Padding is performed as follows: a single “1” bit is appended to the message and then “0” bits are appended so that the length in bits of the padded message becomes congruent to 448 mod 512. At least one bit and at most 512 bits are appended.

2) Append Length: A 64-bit representation of the length of the message is appended to the result of step1. If the length of the message is greater than 2⁶⁴, only the low-order 64 bits will be used.
The resulting message (after padding with bits and with b) has a length that is an exact multiple of 512 bits. The input message will have a length that is exact multiple of 16 (32 bit) words.

3) Initialize MD buffer: A four-word buffer (A, B, C, D) is used to computer the message digest. Each of A, B, C, D is a 32bit register. These registers are initialized to the following values in hexadecimal, low order bytes first)

 word A: 01 23 45 67
 word B: 89 ab cd ef
 word C: fe dc ba 98
 word D: 76 54 32 10

4) Process message in 16-word blocks: Four functions will be defined such that function takes an input of three 32-bit words and produces and produces a 32-bit word output.
F(X,Y,Z) = (X and Y) or (not(X) and Z) [Round1]
G(X,Y,Z) = (X and Z) or (Y and not(Z)) [Round2]
H(X,Y,Z) = X xor Y xor Z [Round3]
I(X,Y,Z) = Y xor (X or not(Z)) [Round4]

5) Each round has 16 steps of the form:

A ← B + ((A + Function (B, C, D) + x[ ] + T[i]) <<< s)

where A, B, C, D refer to the 4 words of the buffer. But used in varying permutations and F (B, C,D) is different nonlinear function in each round (1,2,3,4). i represents different constants 16 constants every round.
i will be T[1–16] for 1st round, then T[17–32] for round 2, then T[33–48] for round 3 and finally T[49–64]. X[ ] is a part of the original message. s is the circular left shift s bits.
That means for 2nd round we get:

B ← C + ((B + Function(C,D,A) + x[ ] + T[17–32]) <<< s)

The following figure sums up the MD5 algorithm:

In the above figure gives the overview of the Md5 Algorithm. Here, Message is converted into x[ ] parts for each buffer( A,B,C,D) and is processed with the Functions F, G, H, I and the constants from T[1–64]( which are divided into 16 constants for each buffer). Then we perform “addition modulo” on the output of these buffers and the initial buffer values. And hence, we get our message digest. If the length of the message is > 512 bits i.e. 1 block then, we again perform “addition modulo” on the MD output and initial buffer values for the next block and so on until we process last block.

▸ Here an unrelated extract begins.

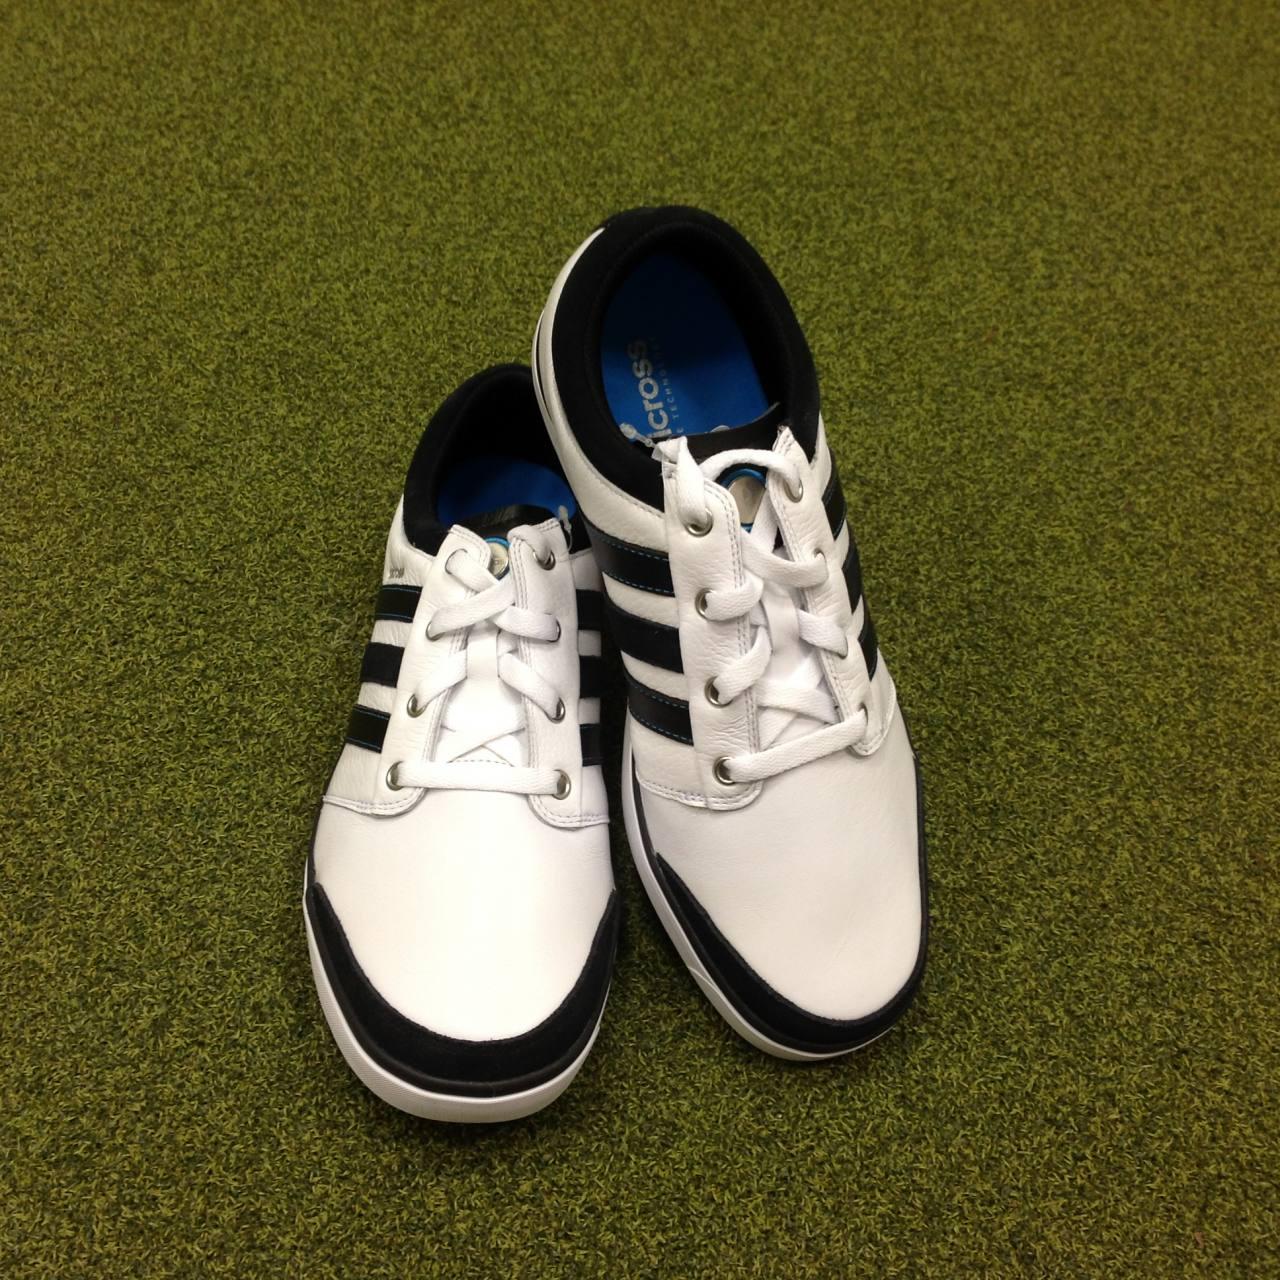 NEW Adidas Adicross Gripmore Golf Shoes - UK Size 8.5 - US 9 - EU 42 ... c6dfbe1233

Other Examples: SHA-1, SHA-2, SHA-3, SHA-256 etc

$echo -n Piyush | md510f95896a13c59b88e4c0e837642fb3c

Encoding vs Encryption vs Hashing

Encoding: A technique for maintaining data usability and can be reversed by employing the same algorithm that encoded the content, i.e. no key is used.
Encryption: A technique for maintaining data confidentiality and requires the use of a key (kept secret) in order to return to plaintext.
Hashing: A technique for validating the integrity of content by detecting all modifications via obvious changes to the hash output.